What this task involves:
Every picture stays out; everything else in the listing below is to be returned exactly.

Dataset content:

--

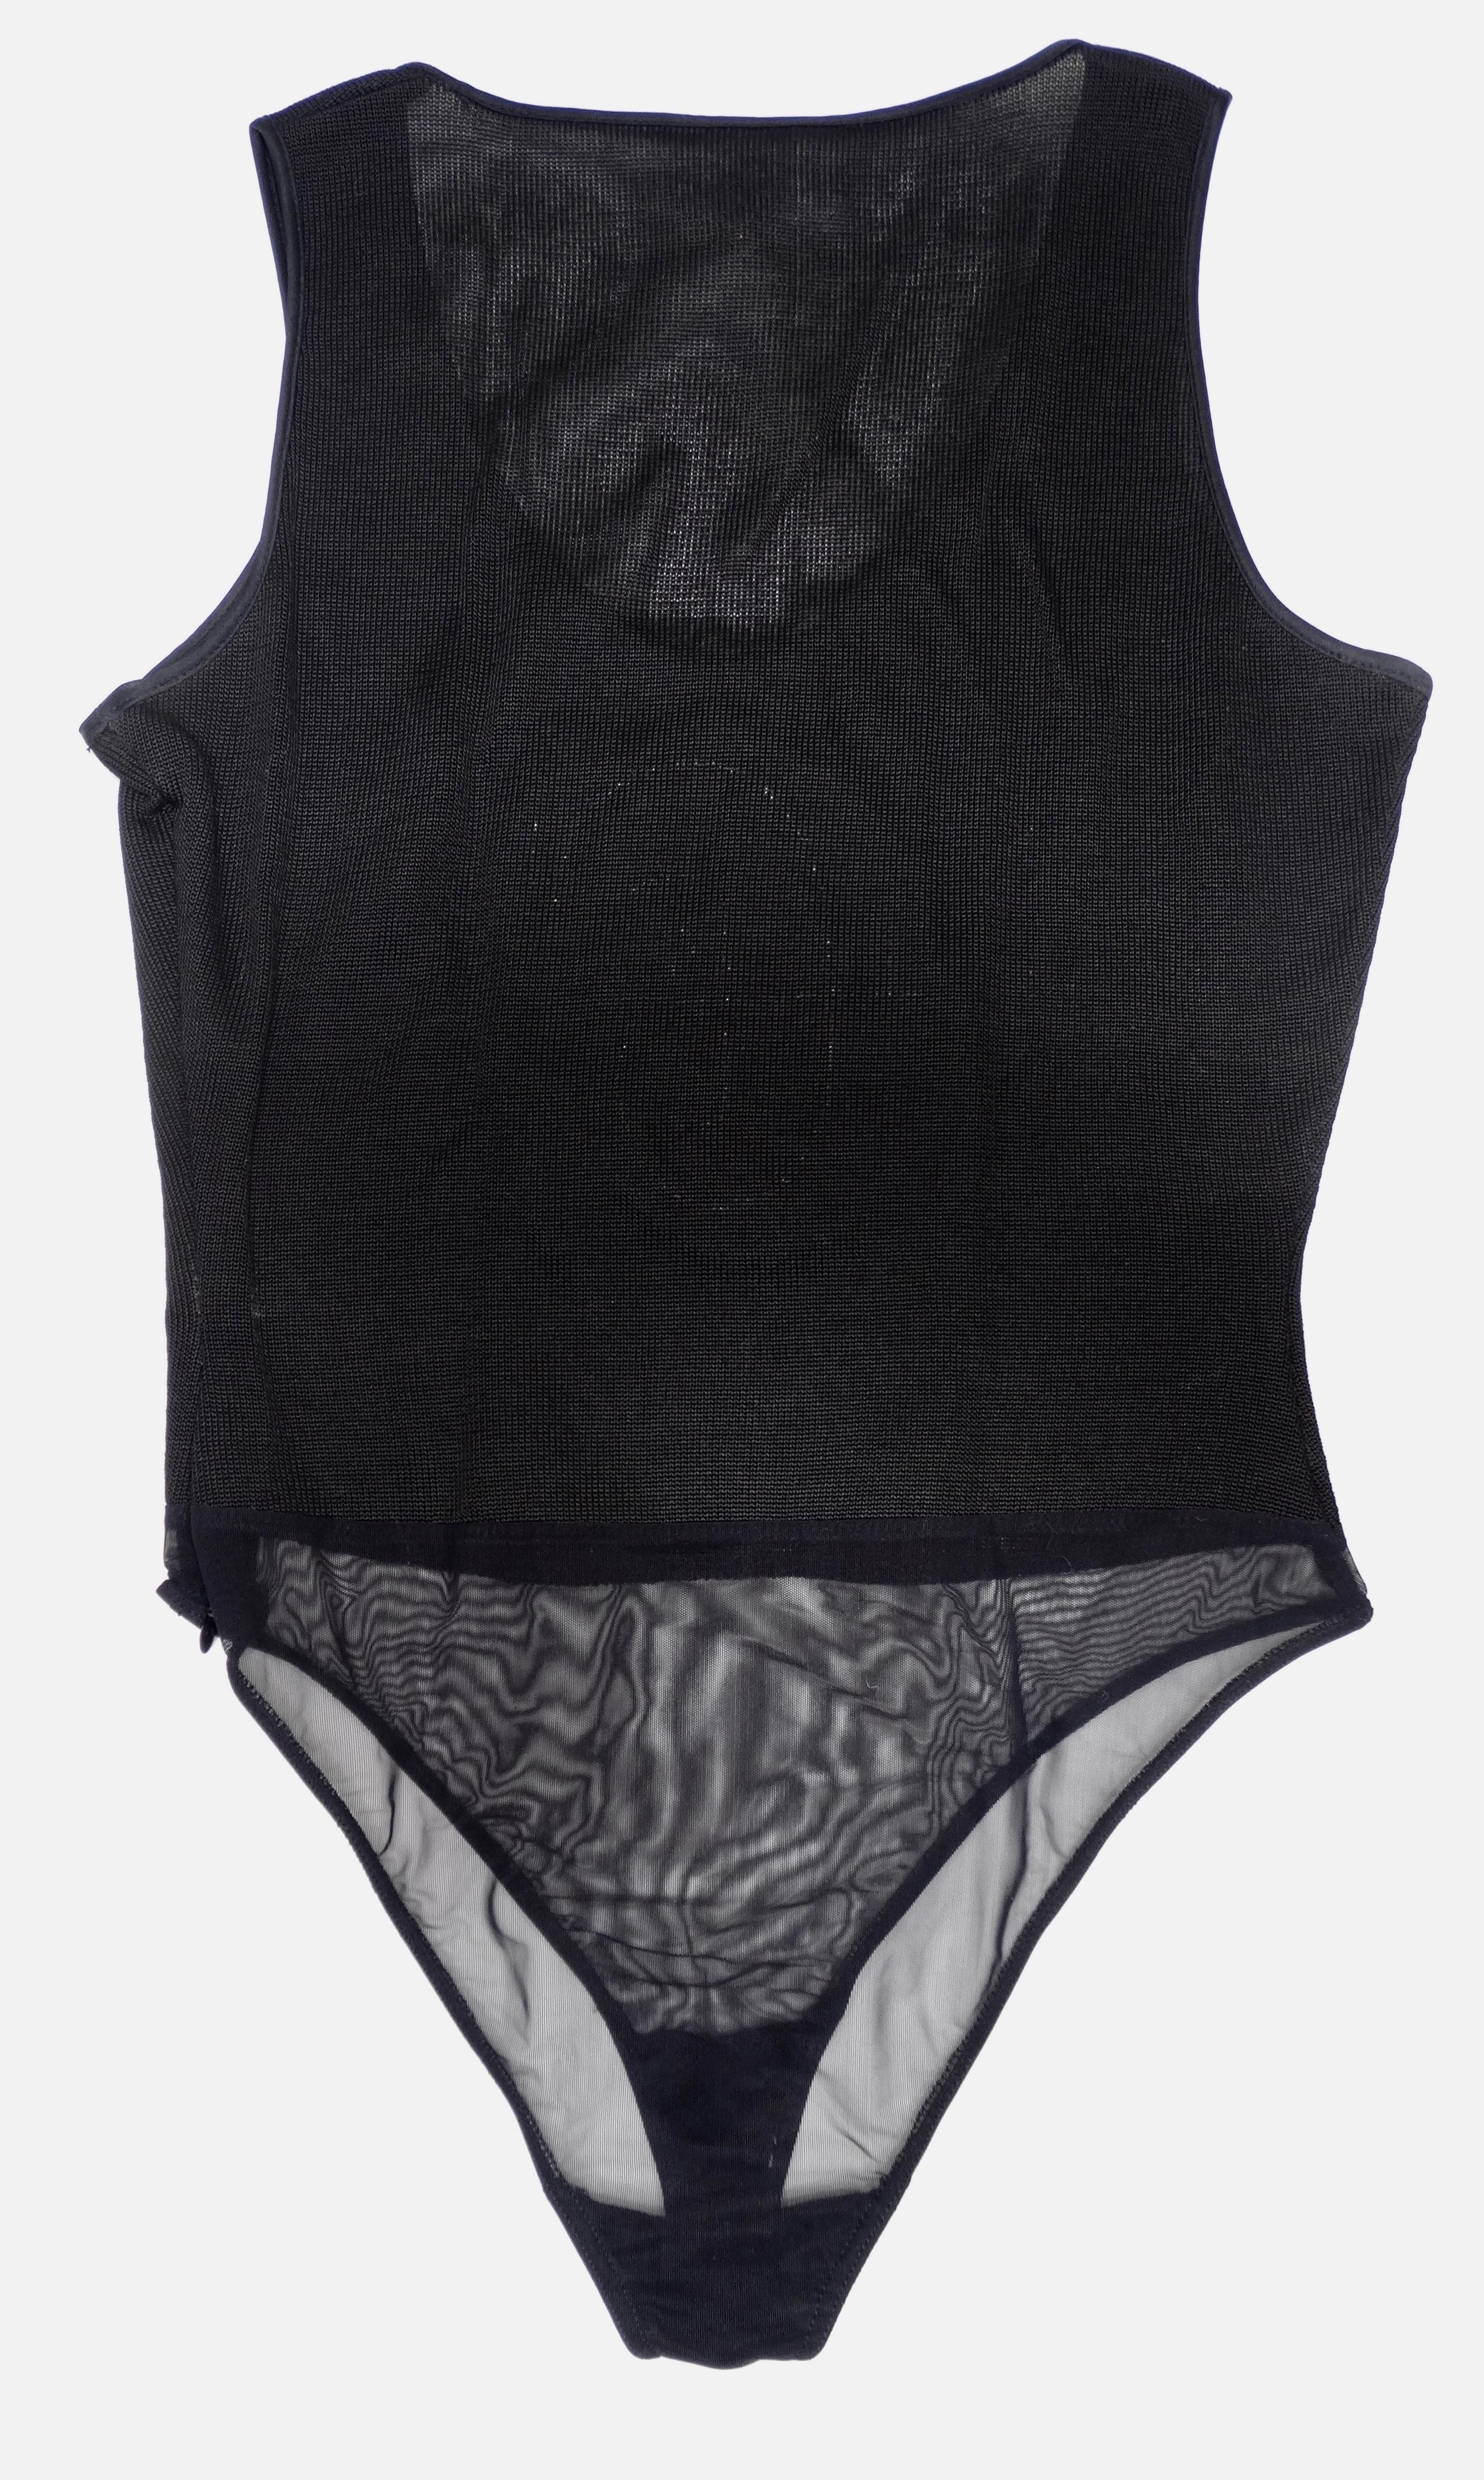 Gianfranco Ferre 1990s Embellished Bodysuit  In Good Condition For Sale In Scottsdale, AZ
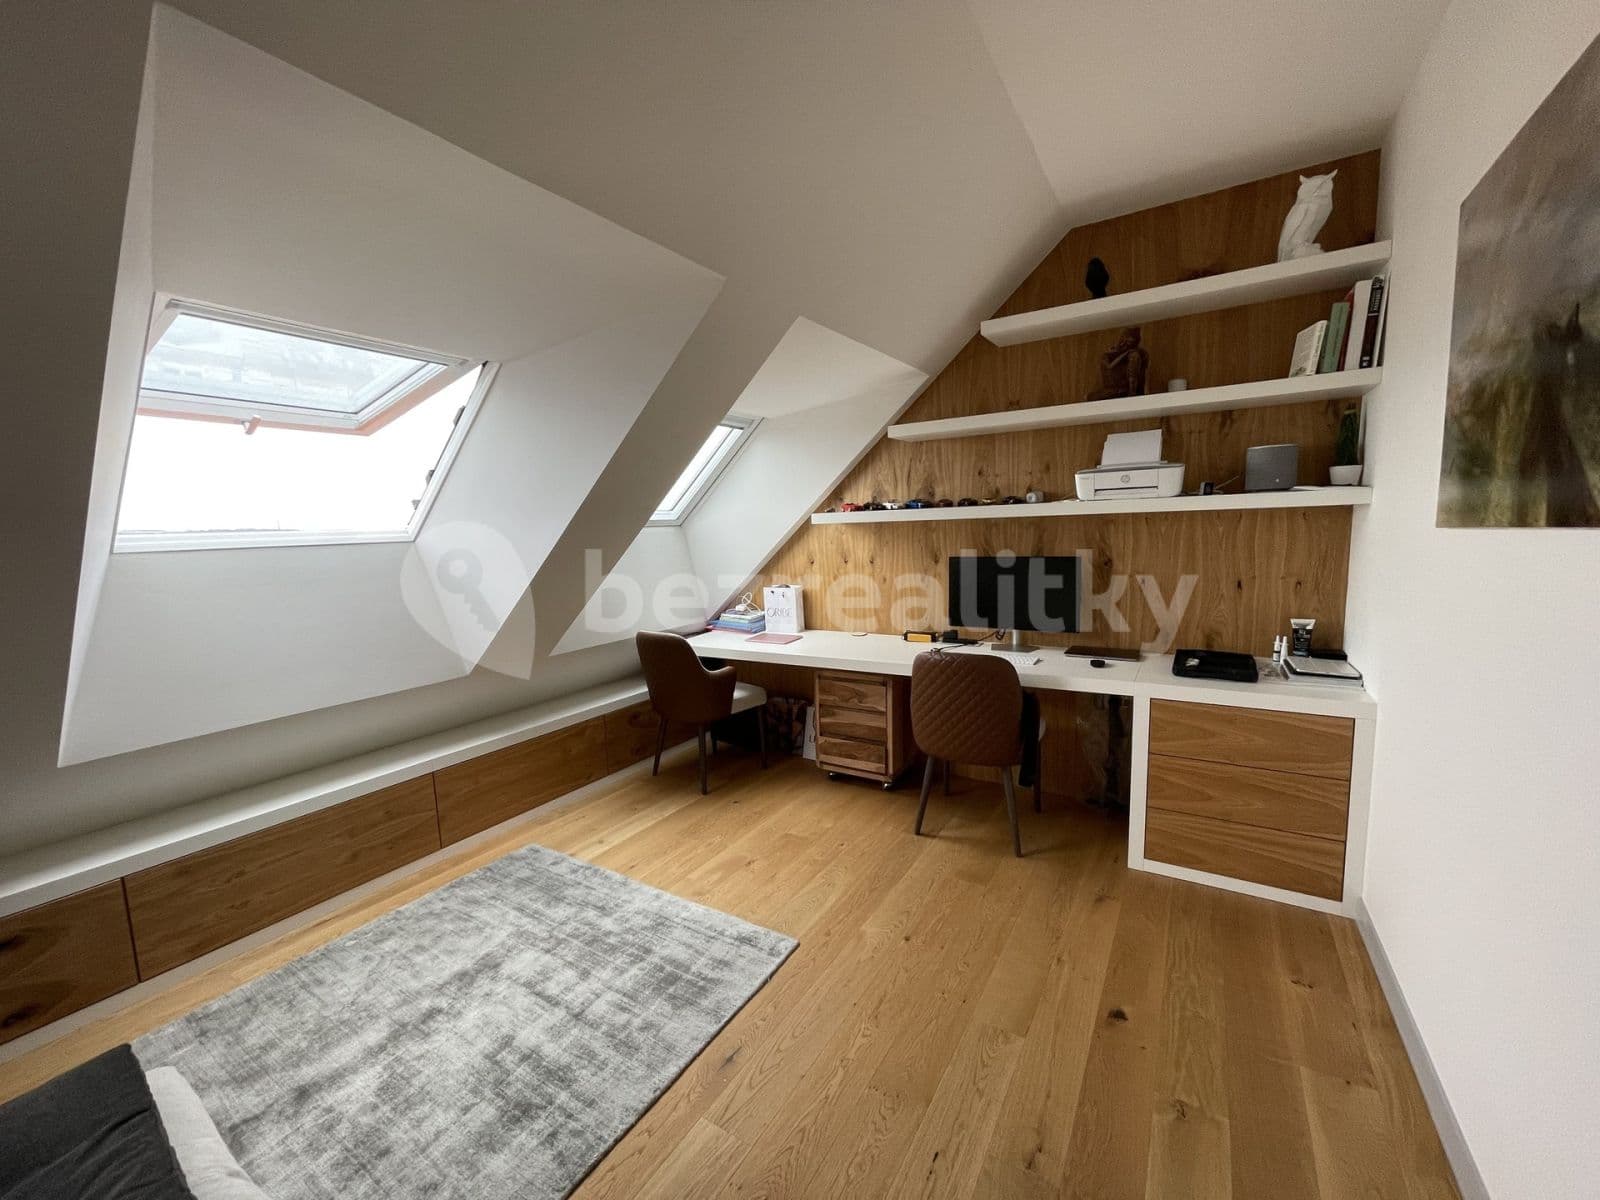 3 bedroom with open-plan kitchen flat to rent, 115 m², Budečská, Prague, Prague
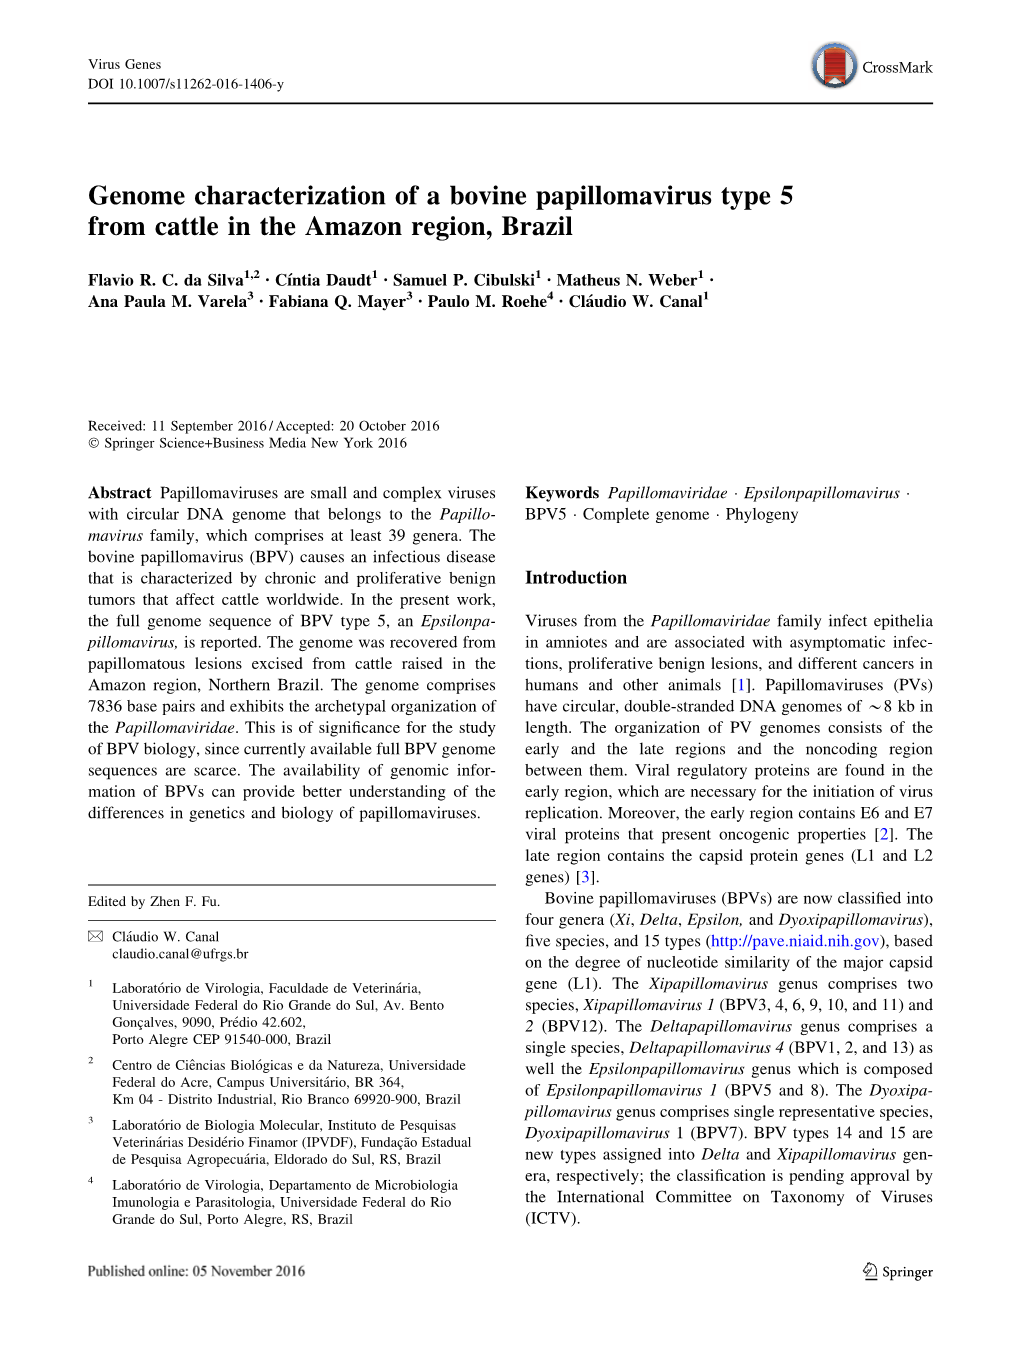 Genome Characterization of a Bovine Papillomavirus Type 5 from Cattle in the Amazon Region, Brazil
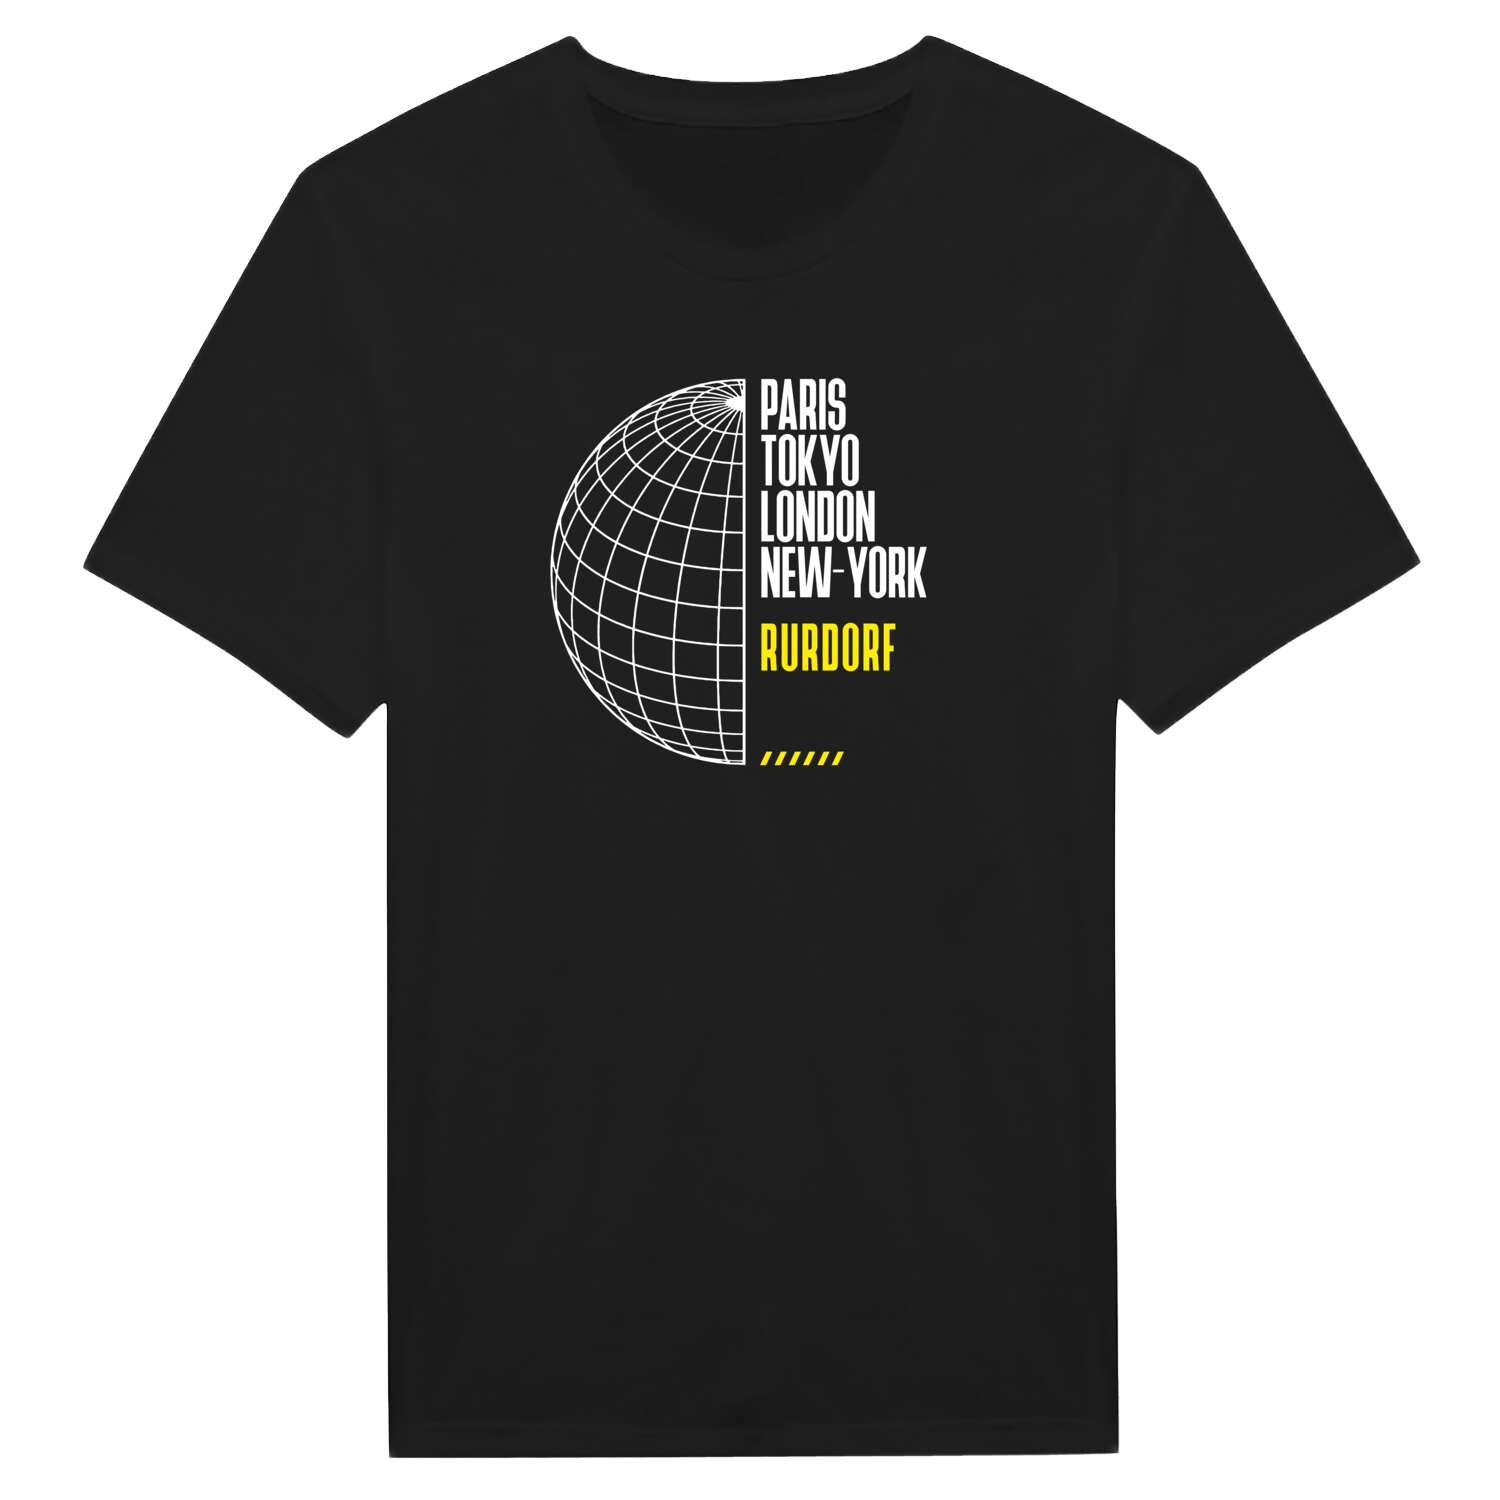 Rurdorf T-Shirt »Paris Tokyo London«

--

Solution to this exercise:
 Gianfranco Ferre 1990s Embellished Bodysuit  In Good Condition For Sale In Scottsdale, AZ
 3 bedroom with open-plan kitchen flat to rent, 115 m², Budečská, Prague, Prague
 Genome Characterization of a Bovine Papillomavirus Type 5 from Cattle in the Amazon Region, Brazil
 Rurdorf T-Shirt »Paris Tokyo London«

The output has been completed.